Advantages and Uses of Magnesium Fluoride Materials
MgF2 has been successfully used in high-energy lasers, particularly those that operate in the UV region. The material transmits effectively up to and past the hydrogen Lyman-alpha line (121 nm) in the VUV spectrum. The vacuum Stockbarger method is used to develop MgF2 in ingots of varying sizes. It has a tough nature and can be polished very well. It can be used to the highest standards as a result.
Fig 1. The transmittance of MgF2 (the black and red line represent mid-infrared transmittance with 50 nm pre-layer and without pre-layer, respectively.) (Zhang G, et al. 2019)
MgF2 is commonly supplied with an optical axis that is cut perpendicular to the window surface and is mildly birefringent.

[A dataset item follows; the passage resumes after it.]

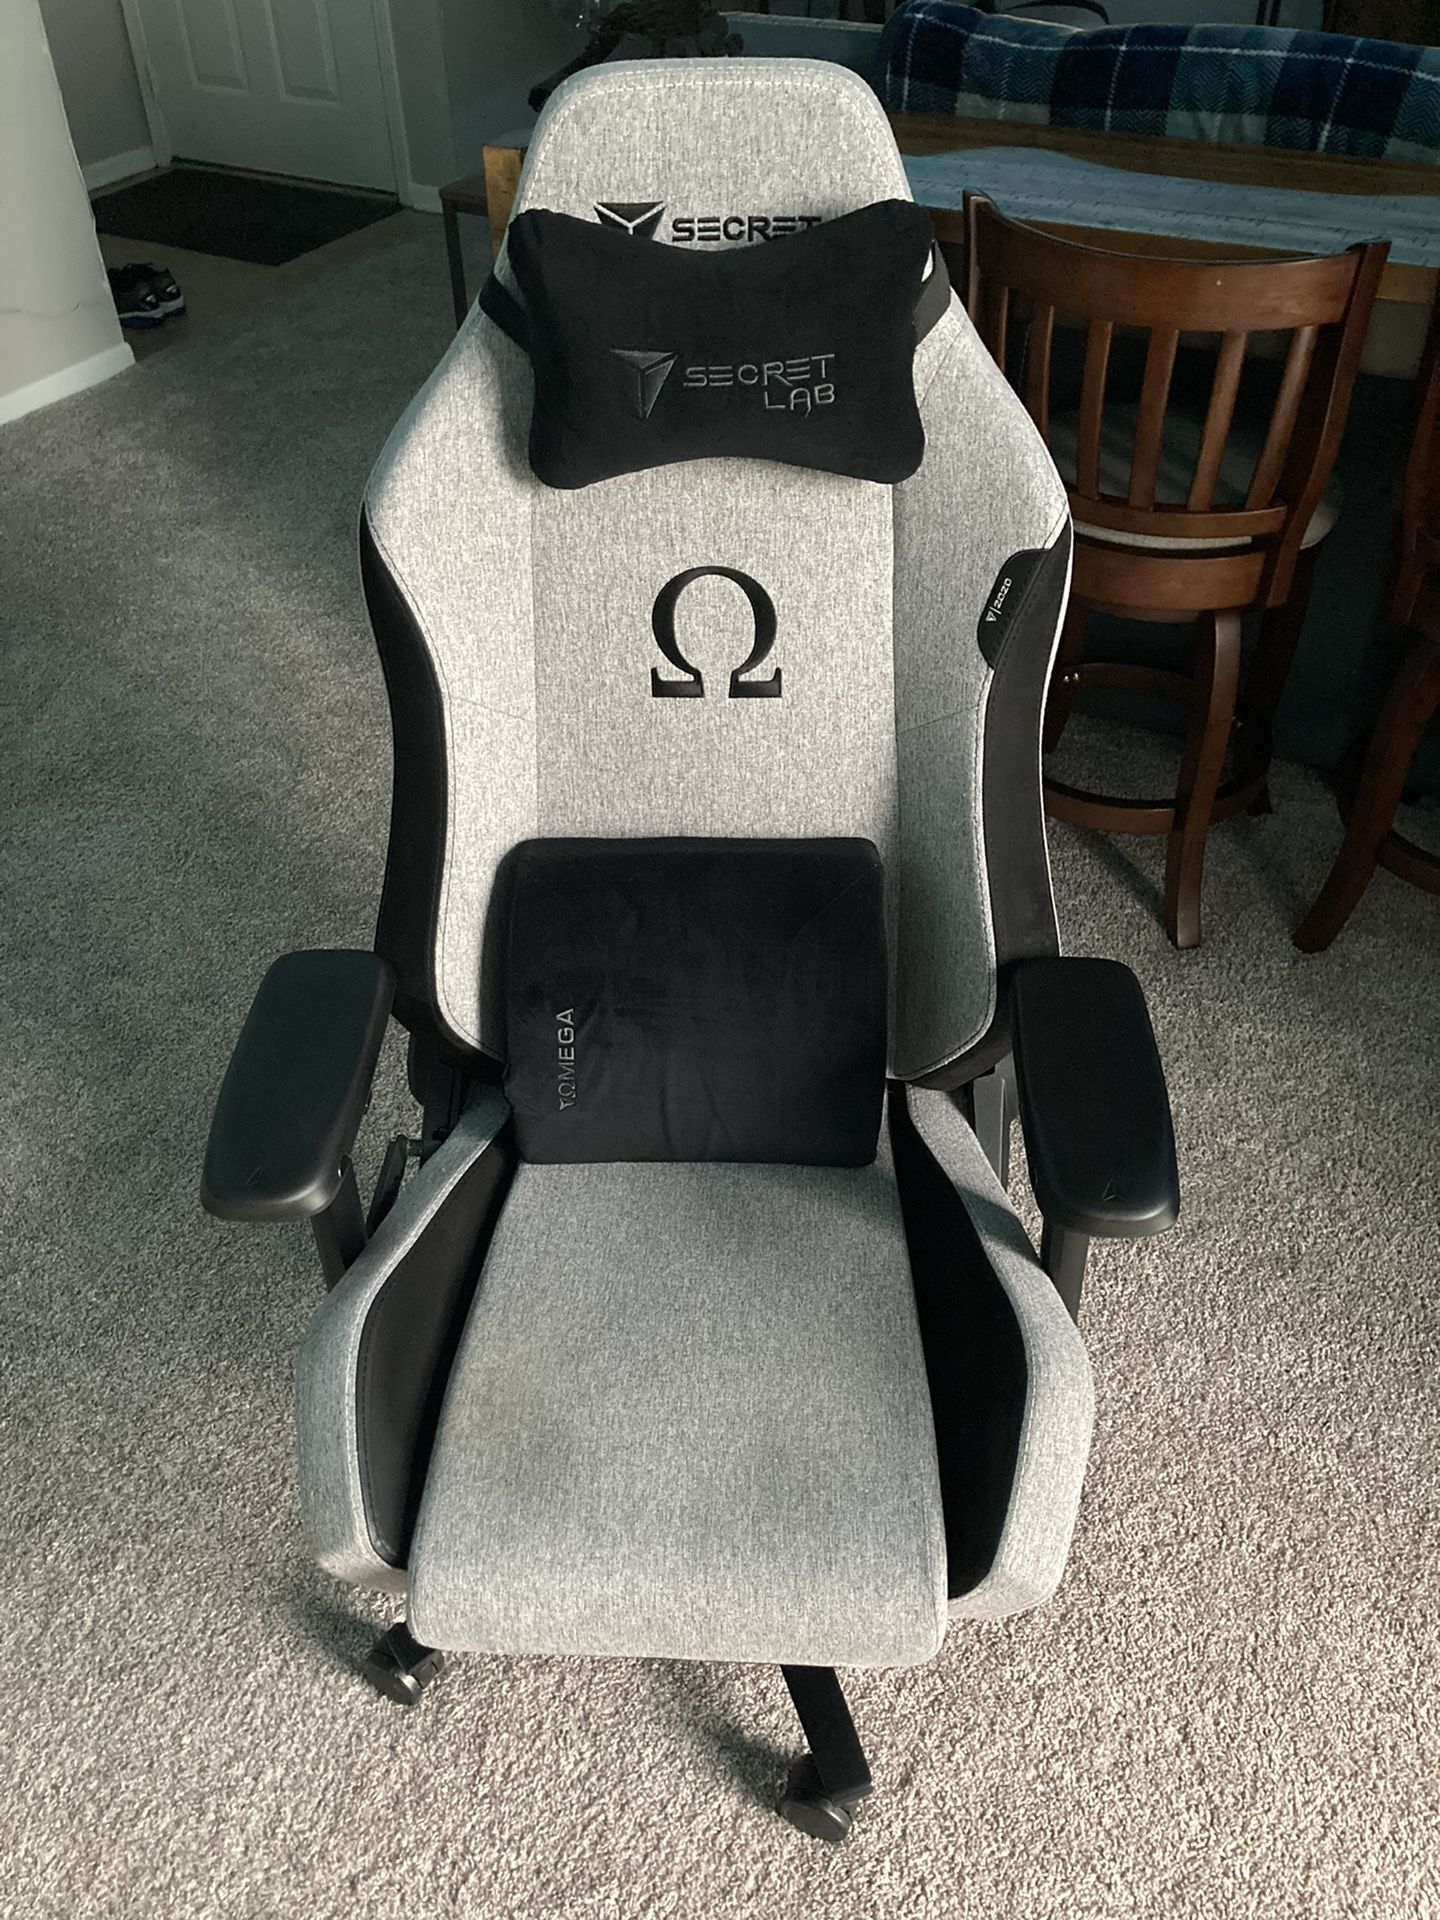 Secret Lab Chair

Alfa Chemistry commonly cuts and positions the window to produce minimal birefringence using an optical axis perpendicular to a surface parallel to the (001) plane (c-axis) [001]. There is an a-cut available that is equivalent to a b-cut if maximum birefringence is required.
- Very hard and robust
- Resistant to mechanical and thermal shock
- The only optical material that combines a broad spectral transmission band with the phenomenon of birefringence
Properties of Magnesium Fluoride Materials
| Density | 3.18 g/cc |
| Molecular Weight | 62.32 |
| Solubility | 0.0002 g/100g water |
| Class/Structure | Tetragonal, can cleave on c-axis |
| Melting Point | 1255 ℃ |
| Hardness | Knoop 415 |
| Refractive Index | No 1.413 at 0.22 μm |
| Transmission Range | 0.12 ~ 7 μm |
| Reflection Loss | 5.7% at 0.22 μm |
| Reststrahlen Peak | 20 μm |
| Absorption Coefficient | 40 x 10-3 cm-1 at 2.7 μm |
| dn/dT | 2.3 (para) 1.7 (perp) at 0.4 μm |
| Youngs Modulus (E) | 138 GPa |
| Shear Modulus (G) | 54.66 GPa |
| Bulk Modulus (K) | 101.32 GPa |
| Apparent Elastic Limit | 49.6 MPa (7200 psi) |
| Thermal Expansion | 13.7 (para) 8.9 (perp) x 10-6/K |
| Thermal Conductivity | 21 (para) 33.6 (perp) W/m/K at 300K |
| Dielectric Constant | 4.87 (para) 5.45 (perp) at 1MHz |
| Specific Heat Capacity | 1003 J Kg m-1 K-1 |
| Poisson Ratio | 0.276 |
| Elastic Coefficients | C11=140, C12=89, C44=57, C13=63, C66=96 |
About refractive index parameters.
"No" means ordinary light, "Ne" means extraordinary light.
| µm | No | Ne | µm | No | Ne | µm | No | Ne |
|---|---|---|---|---|---|---|---|---|
| 0.1137 | 1.781 | 0.115 | 1.742 | 0.118 | 1.680 | |||
| 0.1198 | 1.651 | 0.121 | 1.628 | 1.632 | 0.130 | 1.566 | 1.568 | |
| 0.140 | 1.510 | 1.523 | 0.150 | 1.480 | 1.494 | 0.160 | 1.461 | 1.475 |
| 0.170 | 1.448 | 1.462 | 0.180 | 1.439 | 1.453 | 0.190 | 1.431 | 1.444 |
| 0.200 | 1.423 | 1.437 | 0.220 | 1.413 | 1.426 | 0.248 | 1.403 | 1.416 |
| 0.257 | 1.401 | 1.414 | 0.266 | 1.399 | 1.412 | 0.280 | 1.396 | 1.409 |
| 0.300 | 1.393 | 1.405 | 0.330 | 1.389 | 1.402 | 0.337 | 1.389 | 1.401 |
| 0.350 | 1.387 | 1.400 | 0.355 | 1.386 | 1.399 | 0.400 | 1.384 | 1.396 |
| 0.546 | 1.379 | 1.390 | 0.700 | 1.376 | 1.388 | 1.087 | 1.373 | 1.385 |
| 1.512 | 1.370 | 1.382 | 2.000 | 1.368 | 1.379 | 2.500 | 1.364 | 1.375 |
| 3.030 | 1.360 | 1.370 | 3.571 | 1.354 | 1.364 | 4.000 | 1.349 | 1.359 |
| 4.546 | 1.341 | 1.350 | 5.000 | 1.334 | 1.343 | 5.556 | 1.324 | 1.332 |
| 6.060 | 1.314 | 1.321 |
Reference
- Zhang G, et al. (2019). "Influences of Oxygen Ion Beam on the Properties of Magnesium Fluoride Thin Film Deposited Using Electron Beam Evaporation Deposition." Precision Engineering. Coatings. 9(12): 834.